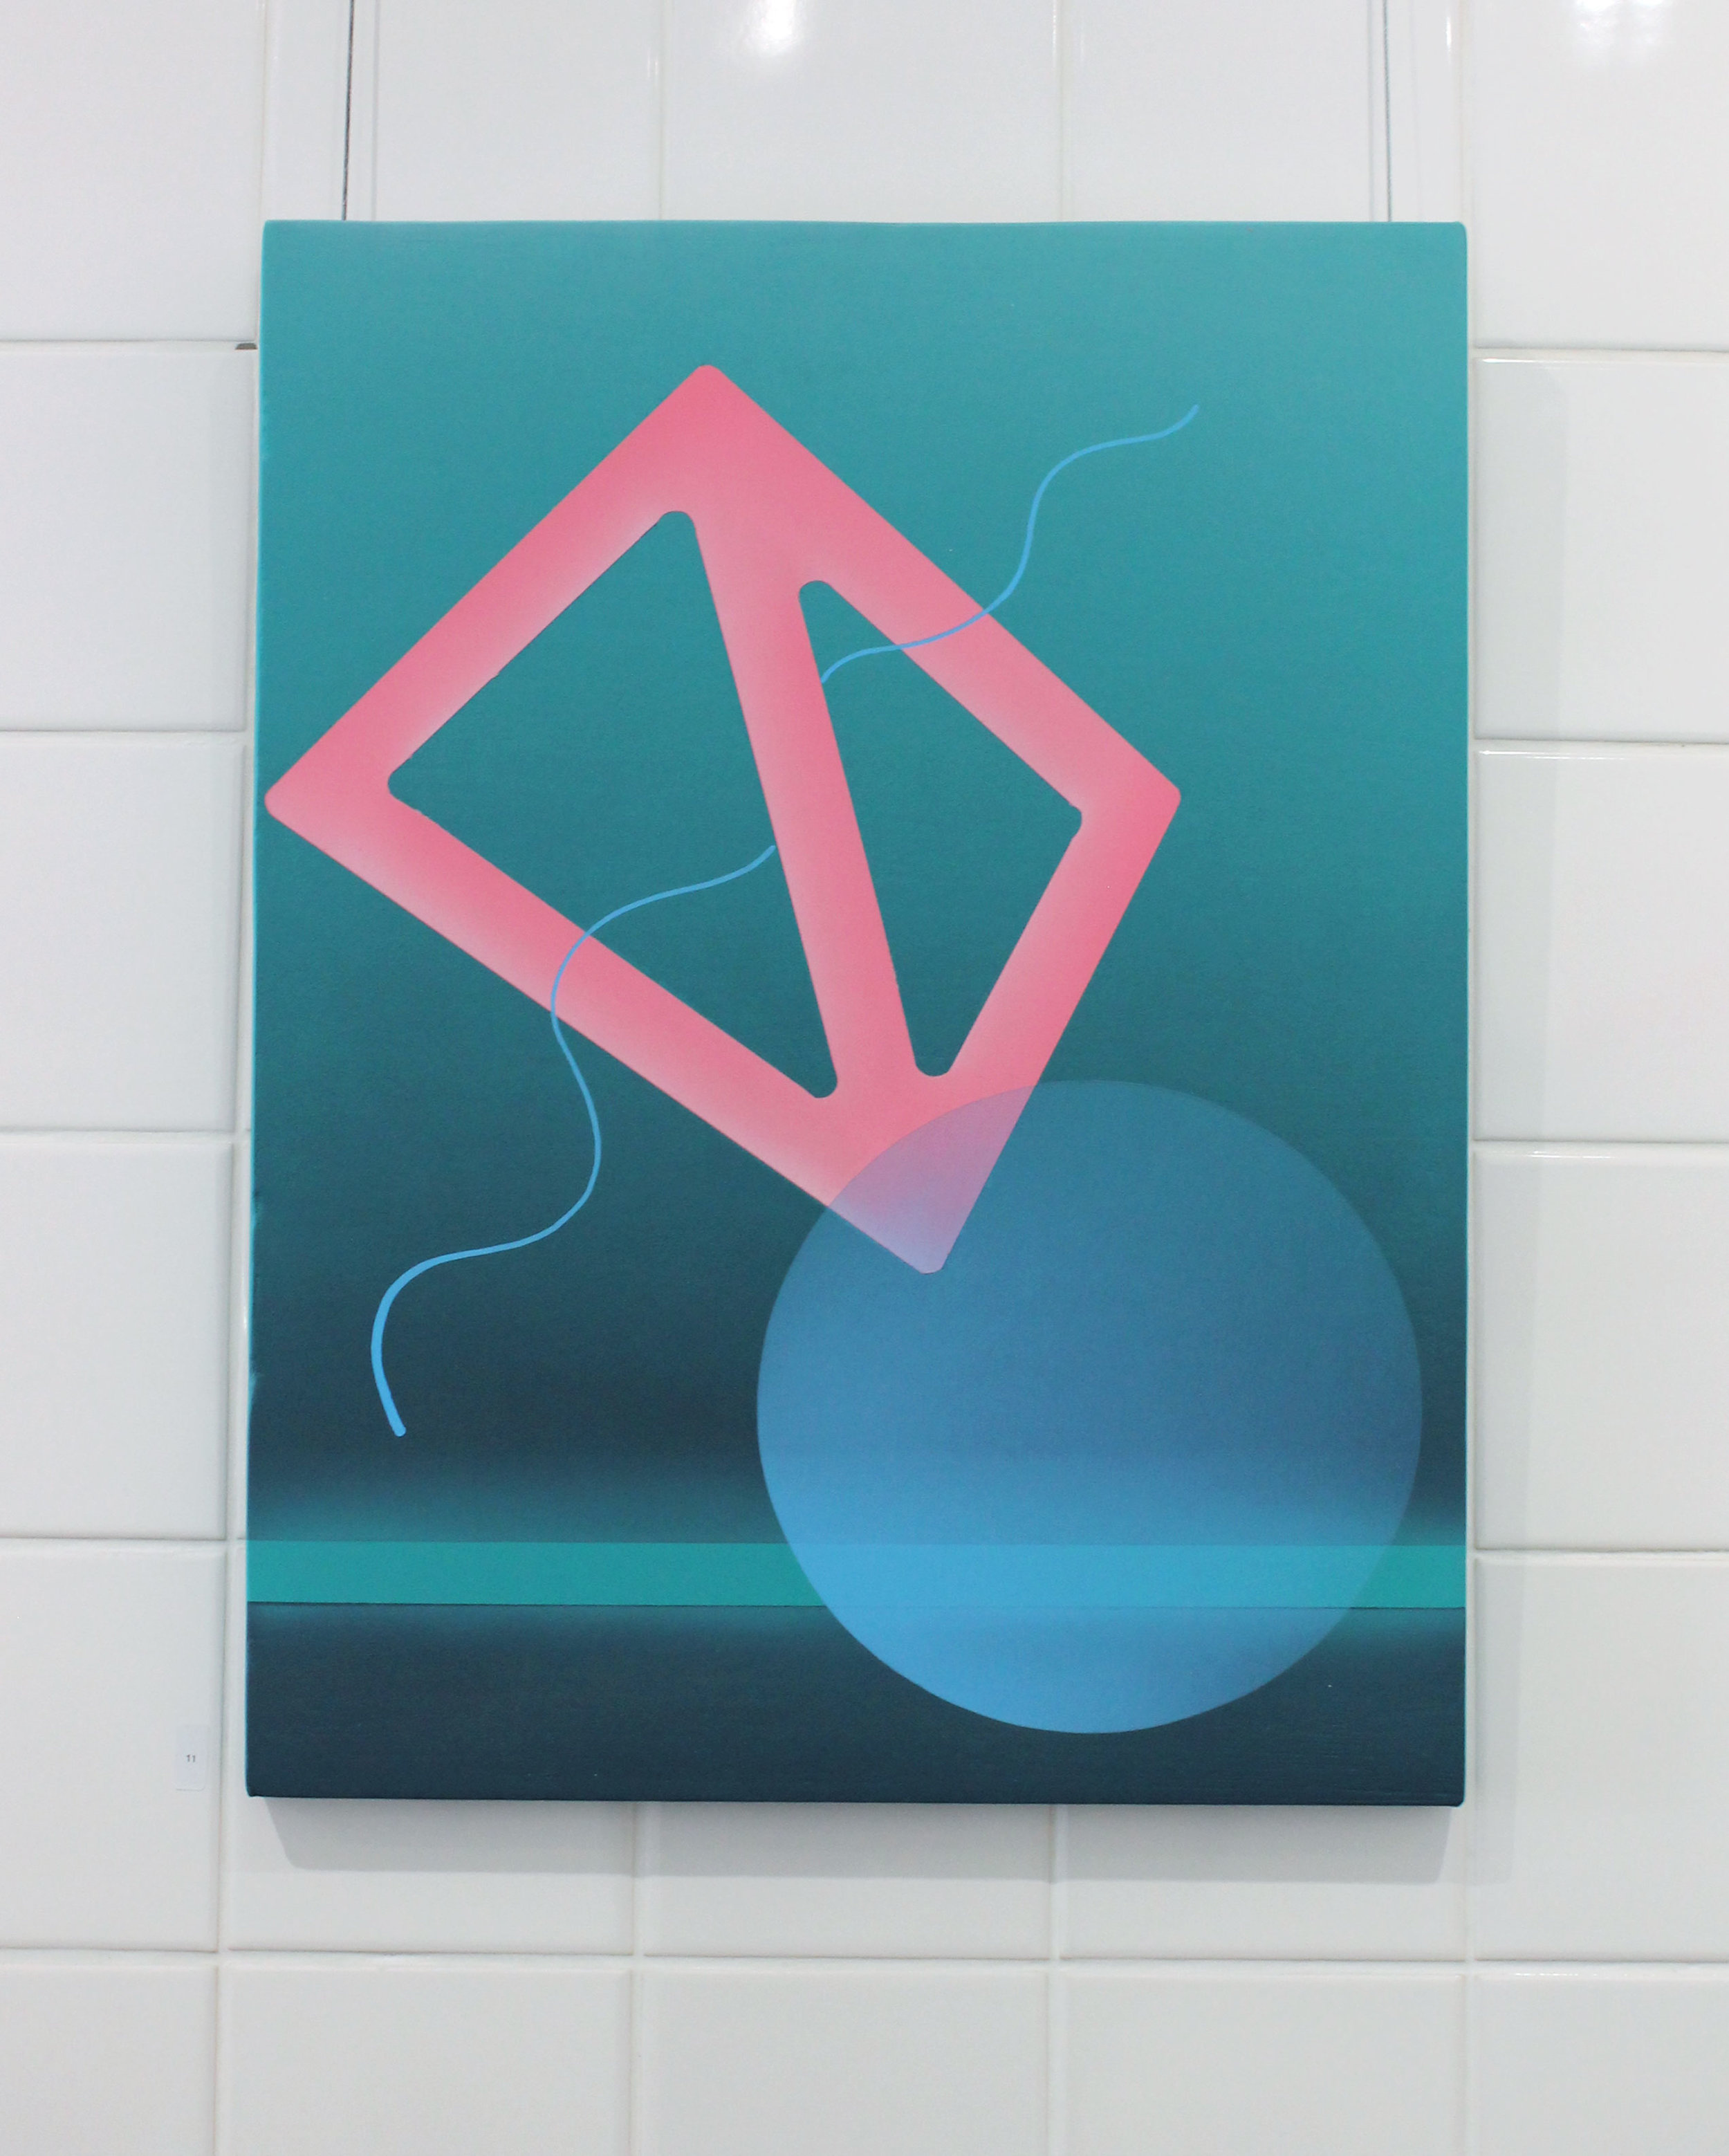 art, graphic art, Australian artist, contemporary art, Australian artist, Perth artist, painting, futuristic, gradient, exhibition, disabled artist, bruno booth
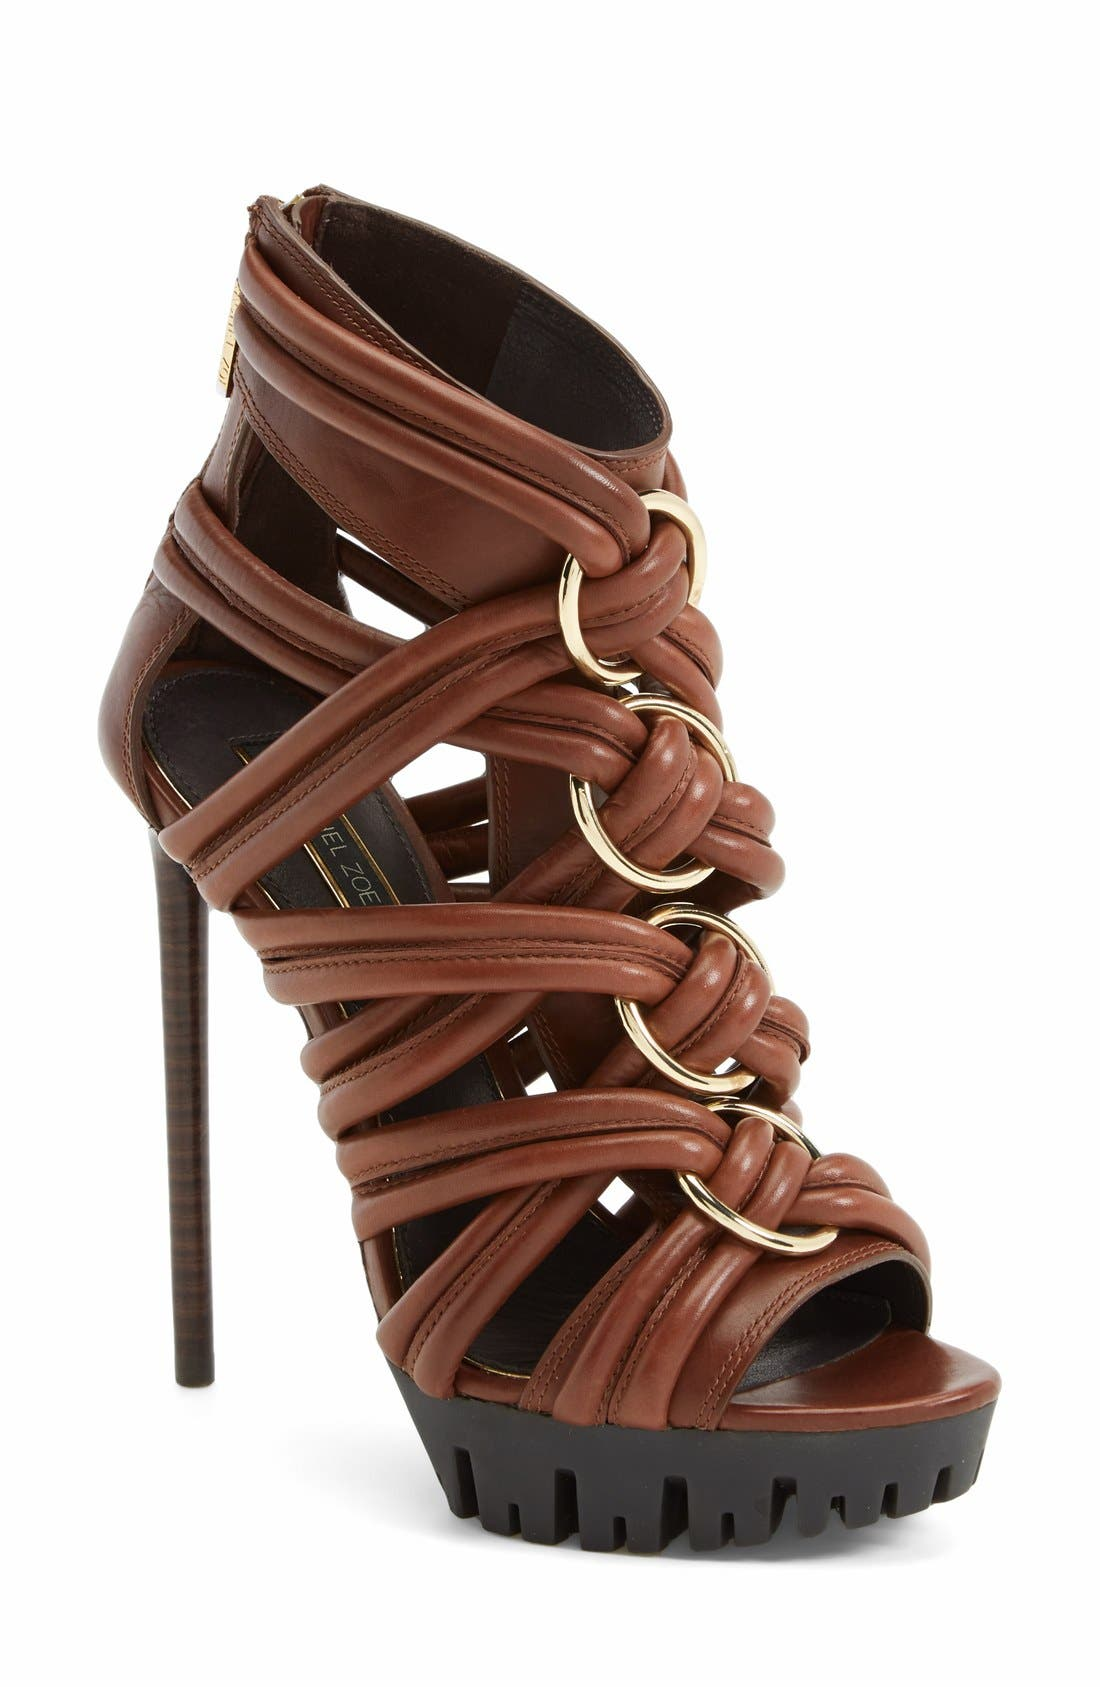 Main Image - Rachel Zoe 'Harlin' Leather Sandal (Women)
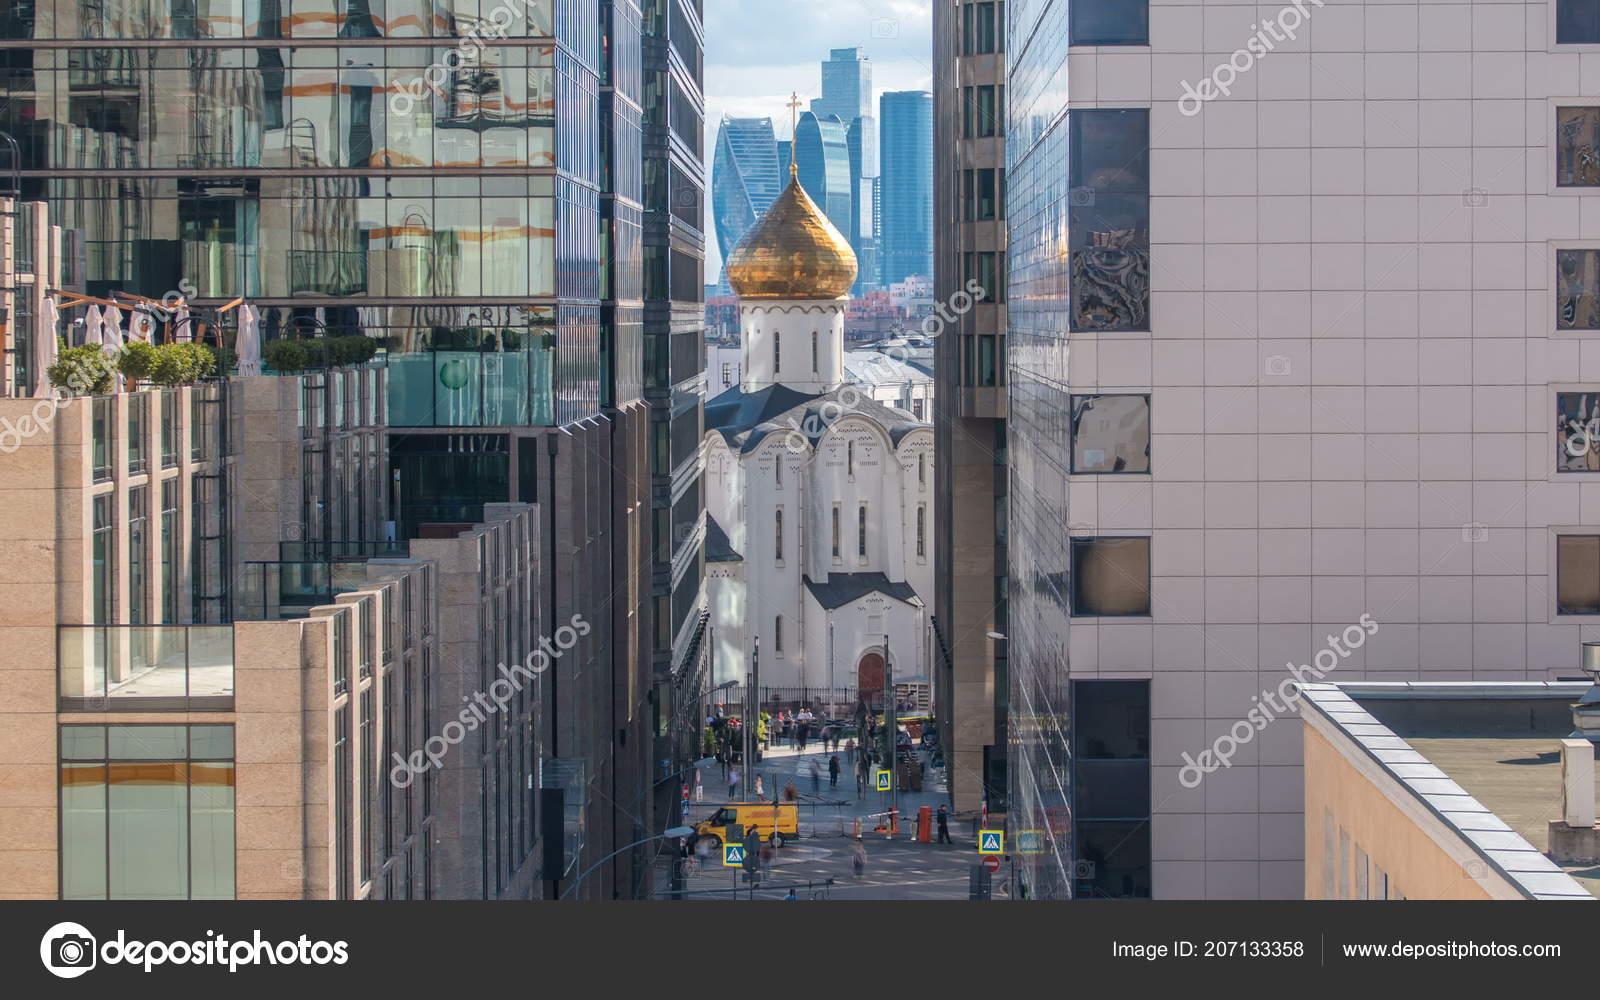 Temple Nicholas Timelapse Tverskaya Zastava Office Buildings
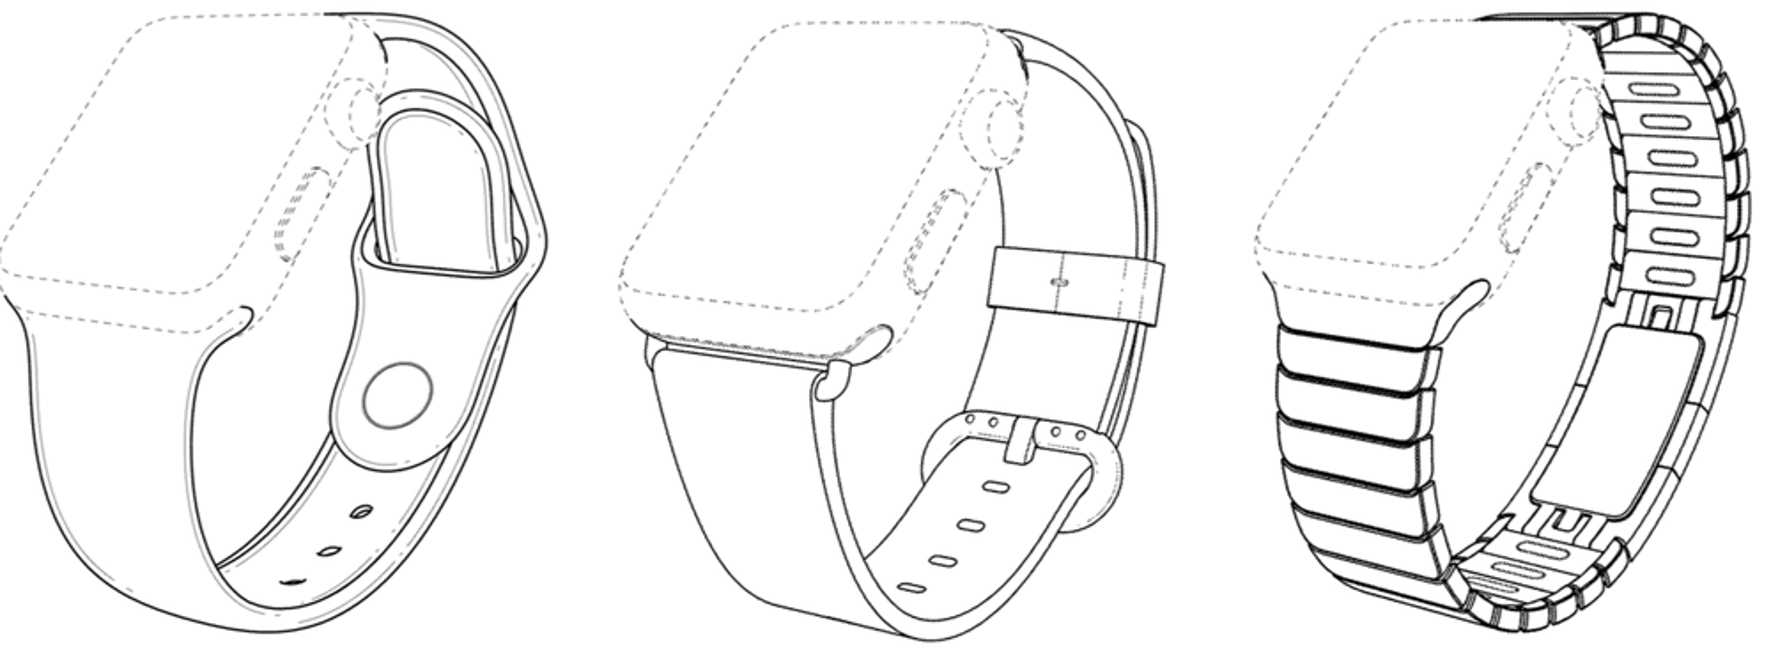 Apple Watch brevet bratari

TASK DIRECTIONS
A verbatim copy of the data, with all pictures omitted, is the required output.

RESPONSE
 art, graphic art, Australian artist, contemporary art, Australian artist, Perth artist, painting, futuristic, gradient, exhibition, disabled artist, bruno booth
 Main Image - Rachel Zoe 'Harlin' Leather Sandal (Women)
 Temple Nicholas Timelapse Tverskaya Zastava Office Buildings
 Apple Watch brevet bratari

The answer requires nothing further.